[COLLECTED MATERIAL — start]
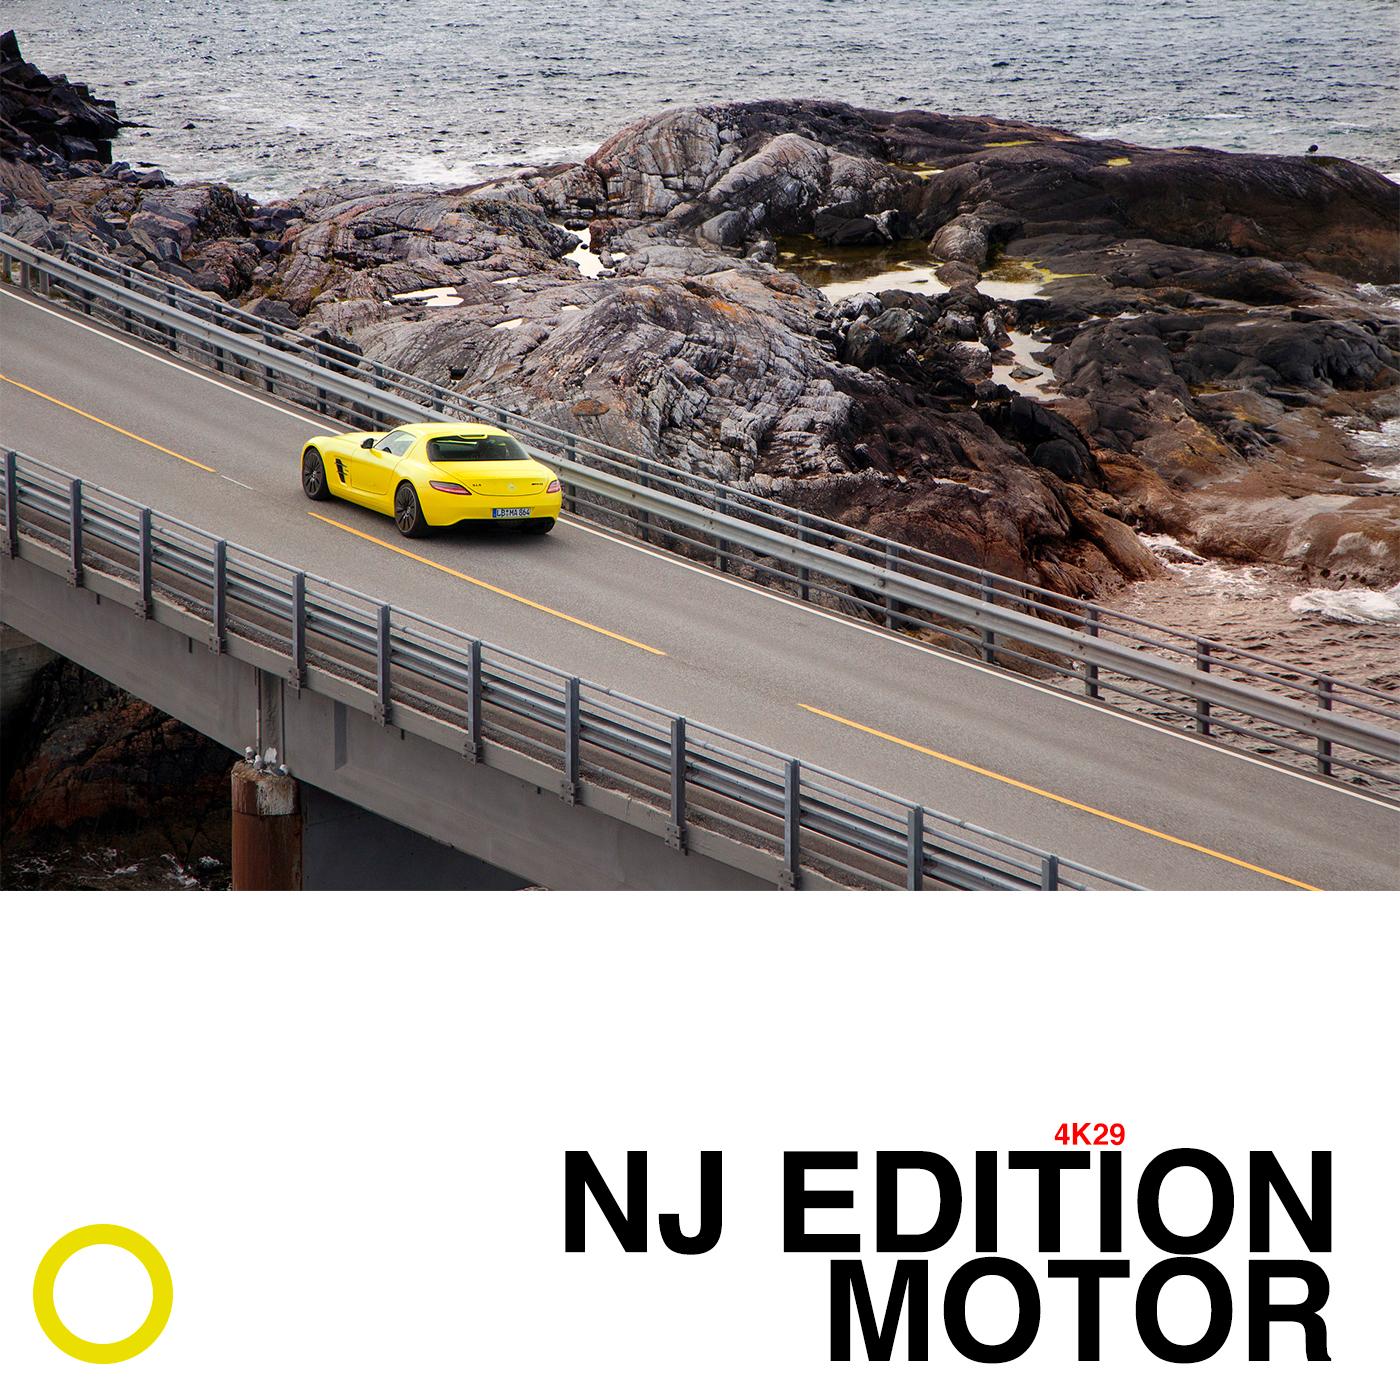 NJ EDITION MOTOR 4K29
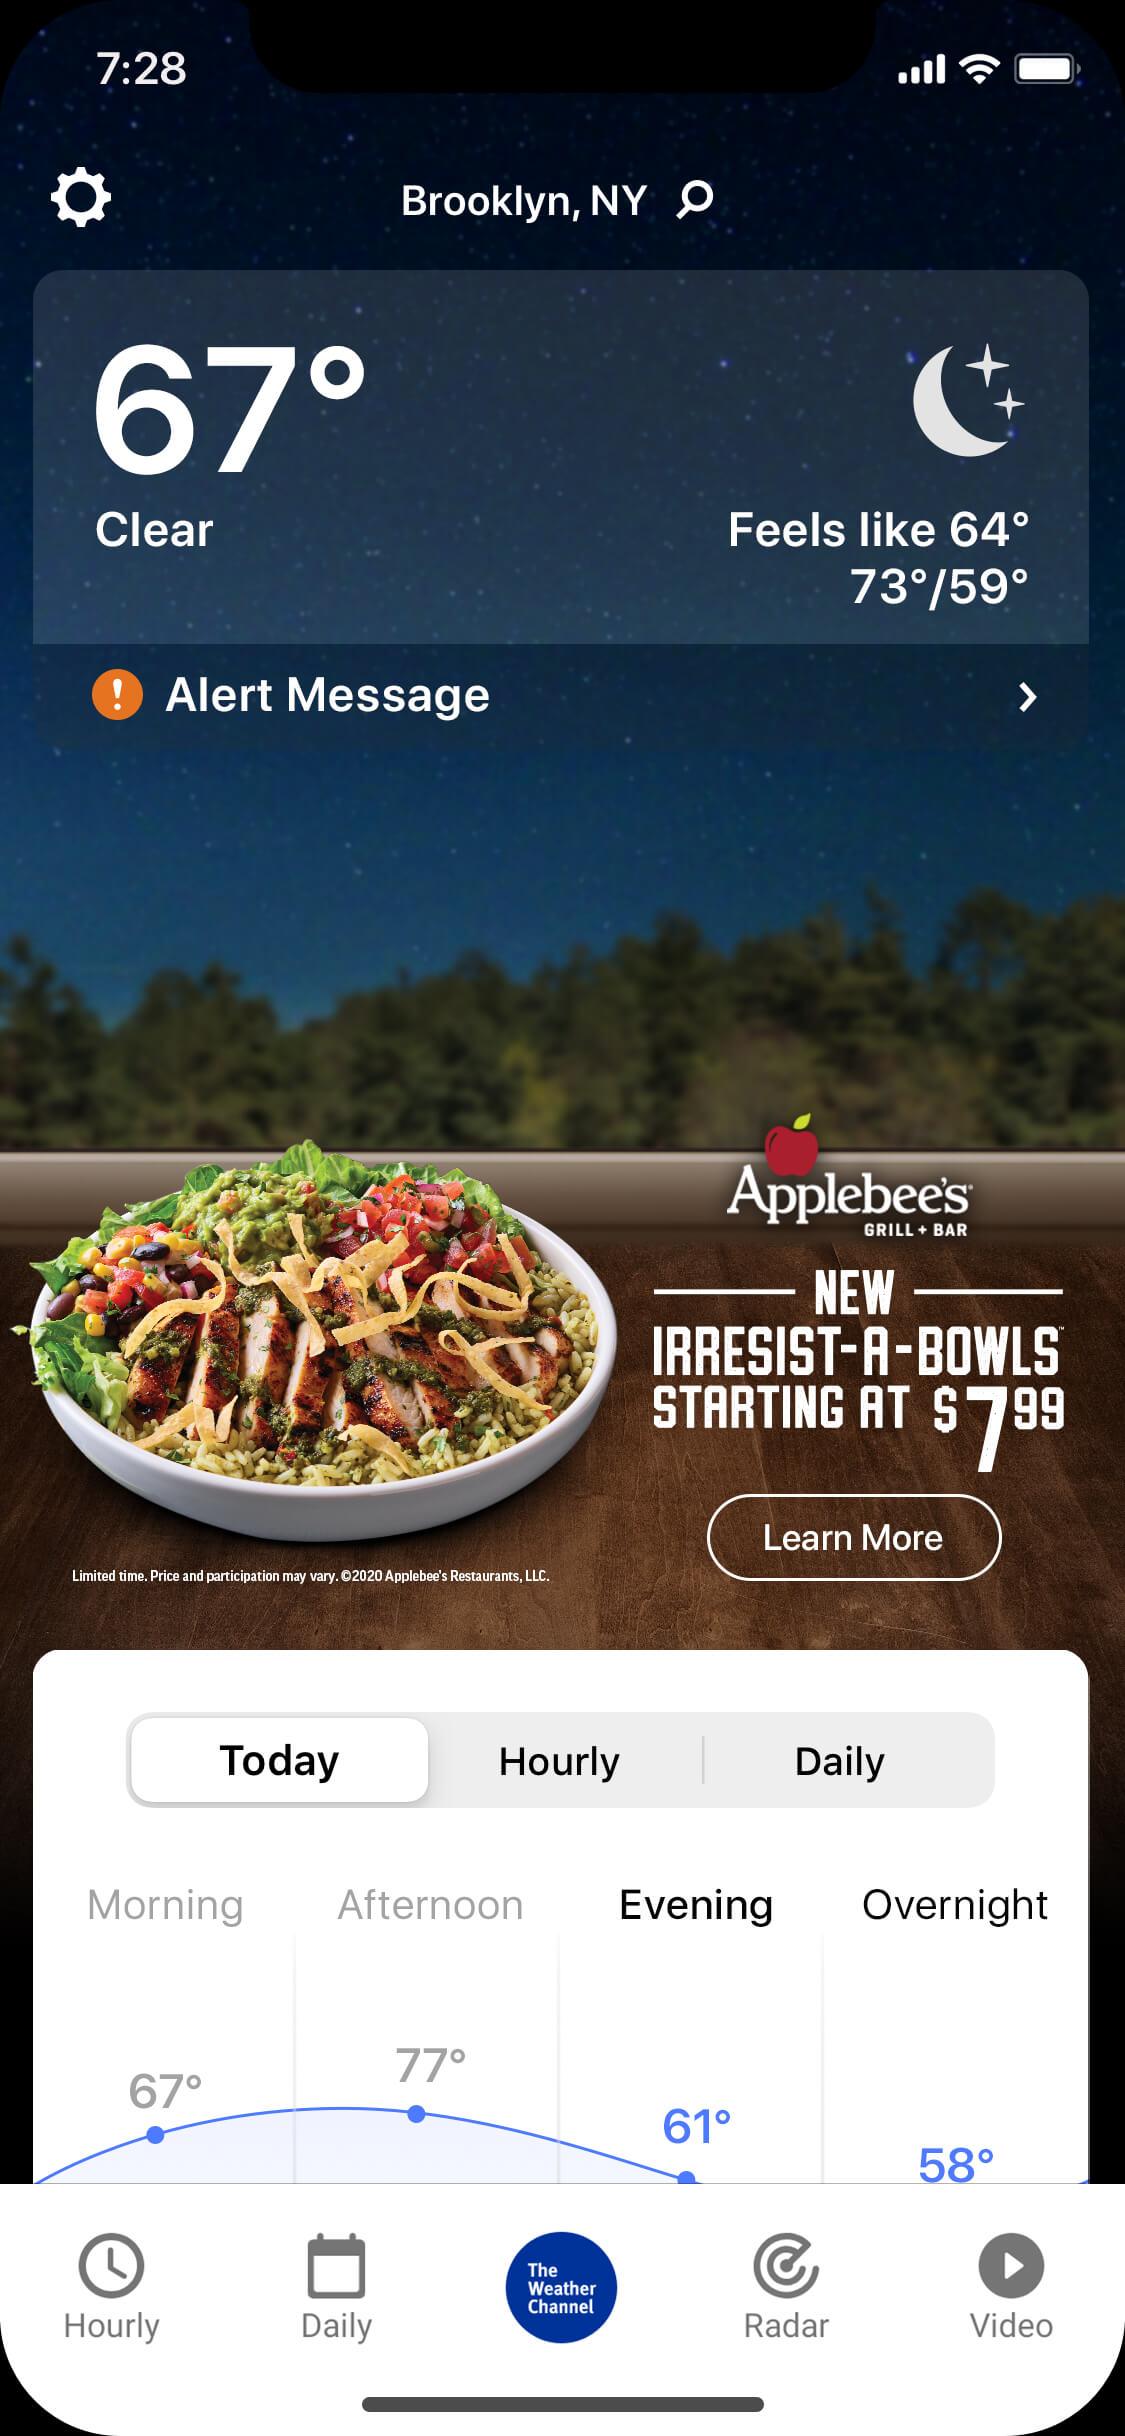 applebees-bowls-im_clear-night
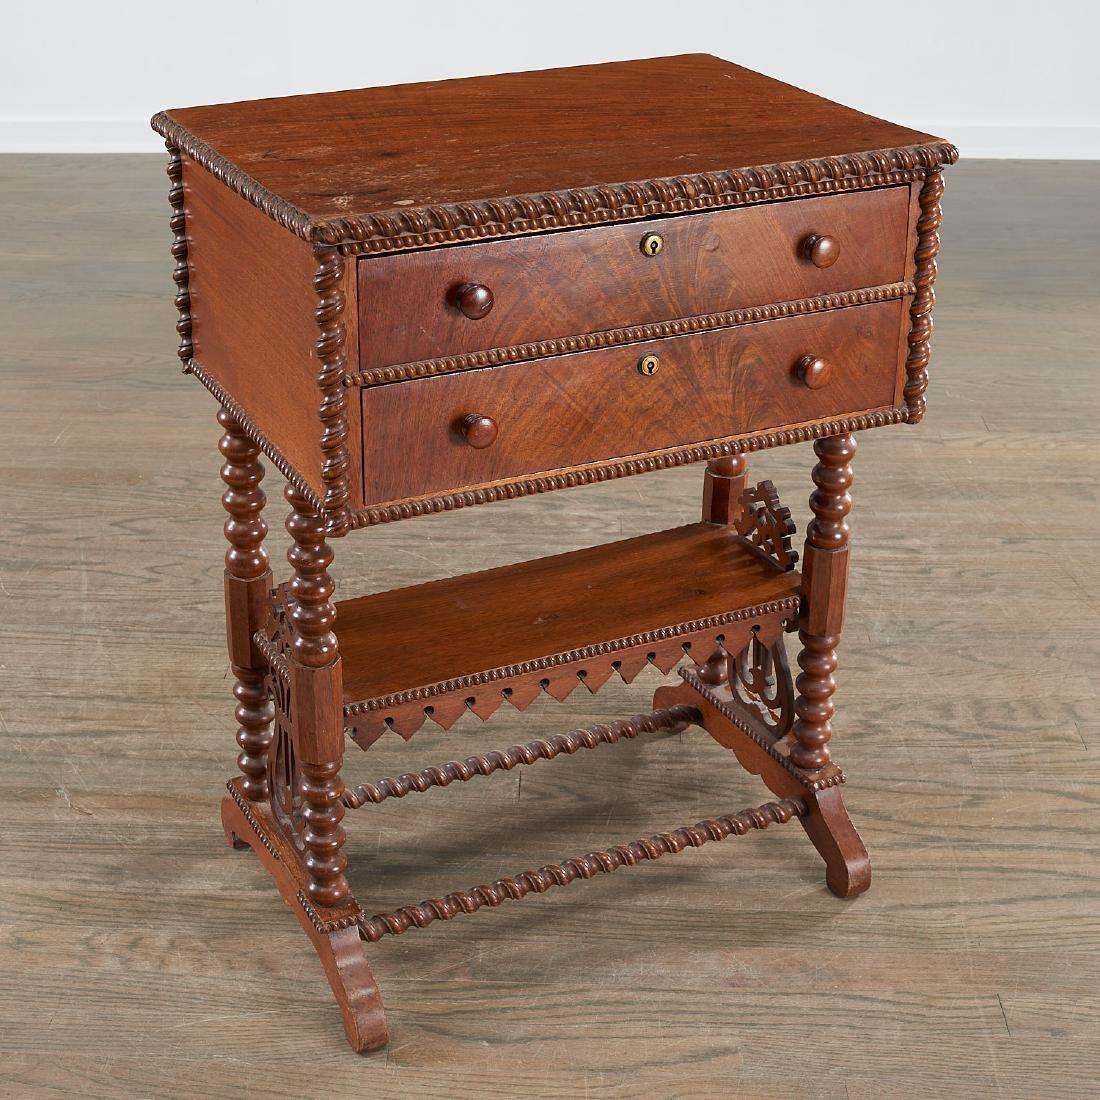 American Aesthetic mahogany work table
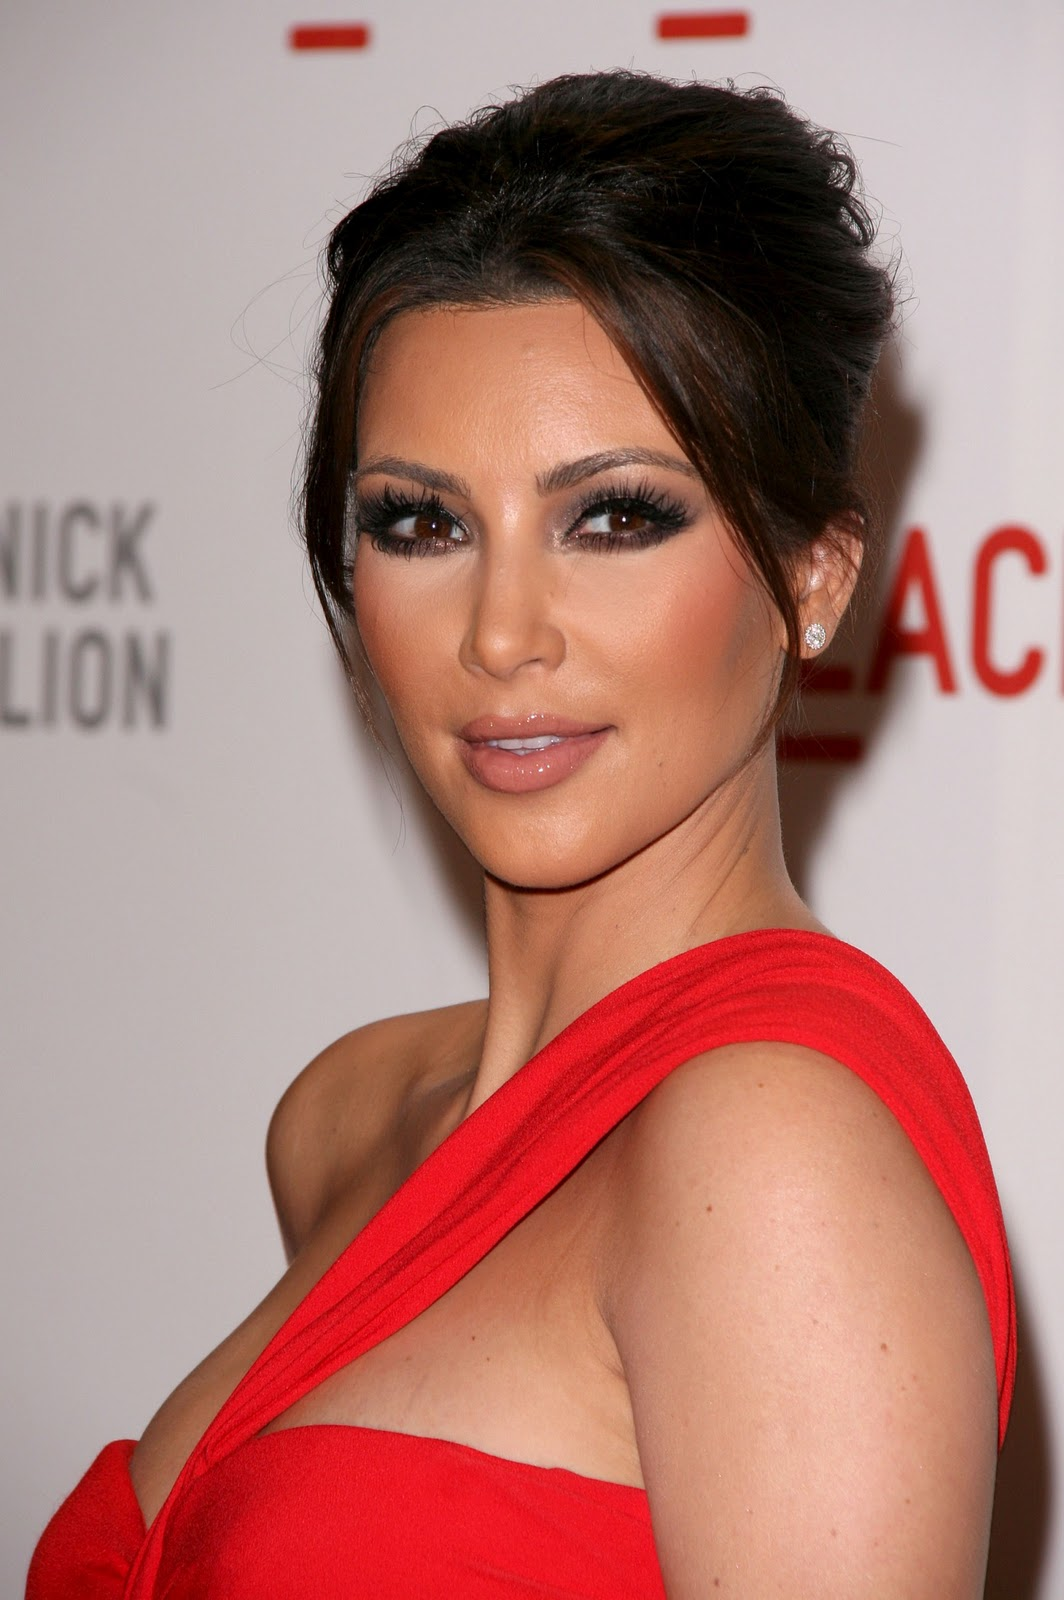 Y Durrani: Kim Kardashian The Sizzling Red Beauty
[COLLECTED MATERIAL — finish]
• **TASK DETAILS**
Starting with the line that contains "American Aesthetic mahogany work table", reproduce every line to the end of the material above, both end lines included, exactly and with no pictures.

• **ANSWER SPACE**
 American Aesthetic mahogany work table
 Y Durrani: Kim Kardashian The Sizzling Red Beauty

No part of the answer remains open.